Stress relieving tactics to make you happier at work

Stress relieving tactics to make you happier at work.

The average business professional has 30 to 100 projects on their plate, is interrupted seven times an hour and is distracted up to 2.1 hours a day. Is there any wonder the workplace can be full of stress?

But here’s the thing – it doesn’t have to be.

With 10 years worth of Harvard research and field-tests under her belt, business psychologist Sharon Melnick, spoke to Forbes about the number of different ways you can bring those workplace stress levels down.

Act Rather Than React.

“We experience stress when we feel that situations are out of our control,” says Melnick. “It activates the stress hormone and, if chronic, wears down confidence, concentration and well-being”. Melnick advises you identify the aspects of a situation you can control and the aspects you can’t. “Be impeccable for your 50%,” she advises. “And try to let go of the rest”.

Breathe.

Simply inhale for five seconds, hold and exhale in equal counts through the nose. “It’s like getting the calm and focus of a 90-minute yoga class in three minutes or less at your desk”, says Melnick.

Schedule Your Day for Energy and Focus.

Melnick suggests scheduling breaks throughout the day to walk and exercise in: “Tony Schwartz of the Energy Project has shown that if we have intense concentration for about 90 minutes, followed by a brief period of recovery, we can clear the build-up of stress and rejuvenate ourselves”.

Eat Right, Sleep Well.

“Eating badly will stress your system,” says Melnick, who advises eating a low-sugar, high-protein diet. “And when you’re not sleeping well, you’re not getting the rejuvenating effects”. If it’s your stress that’s keeping you up at night, Melnick suggests a simple breathing exercise that may just do the trick.

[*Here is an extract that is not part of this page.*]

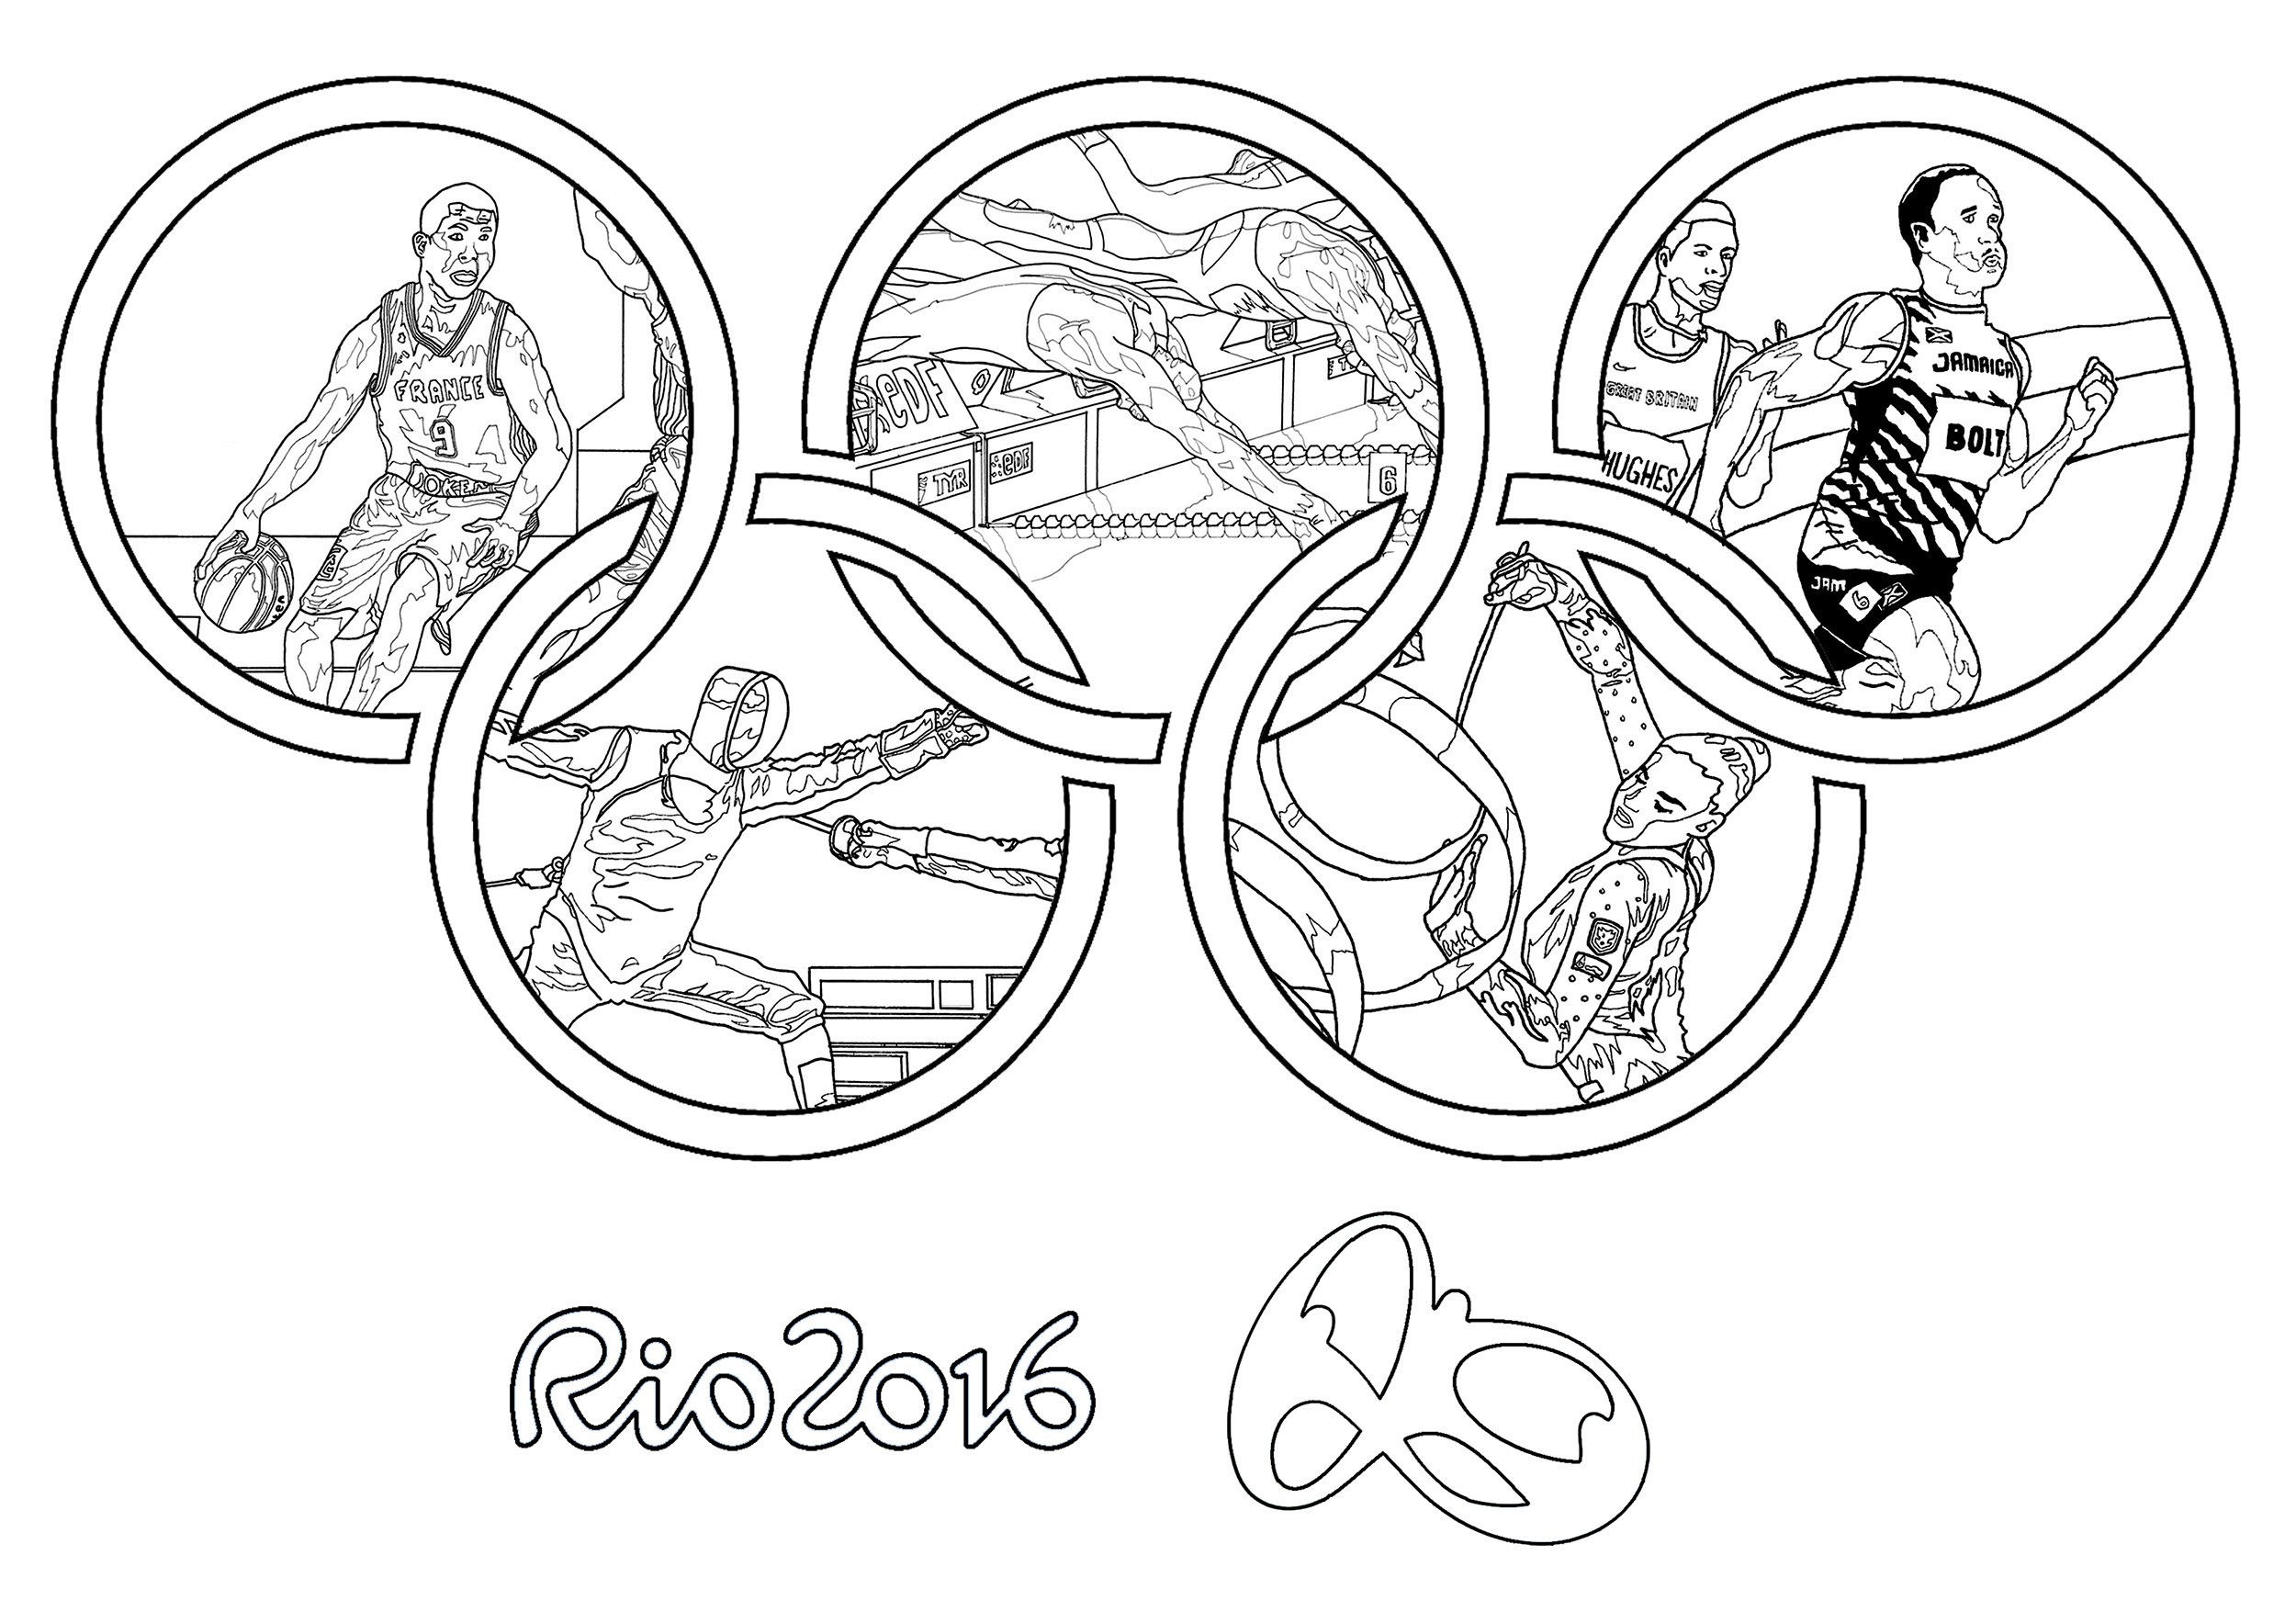 Coloriage jogos Olímpicos Rio 2016 : 5 sports

Cover your right nostril and breathe only through your left for three to five minutes. Simple.

Identify Self-Imposed Stress.

“Learn to stop self-imposing stress by building your own self-confidence rather than seeking other’s approval,” says Melnick, “If you’re too caught up in others’ perceptions of you, which you can’t control, you become stressed out by the minutia or participate in avoidance behaviours like procrastination. Ironically, once you shift your focus from others’ perception of your work to the work itself, you’re more likely to impress them”.

Prioritize Your Priorities.

Reorganise your to-do list, focusing on those projects that are best aligned with your goals.

Be Your Own Best Critic.

60,000 thoughts make their way through your mind each day, Melnick says, “internal negativity is just as likely to stress you out as an external event. The fix? Instead of being harsh and critical of yourself, try pumping yourself up. Encouraging thoughts will help motivate you to achieve and ultimately train you to inspire others”.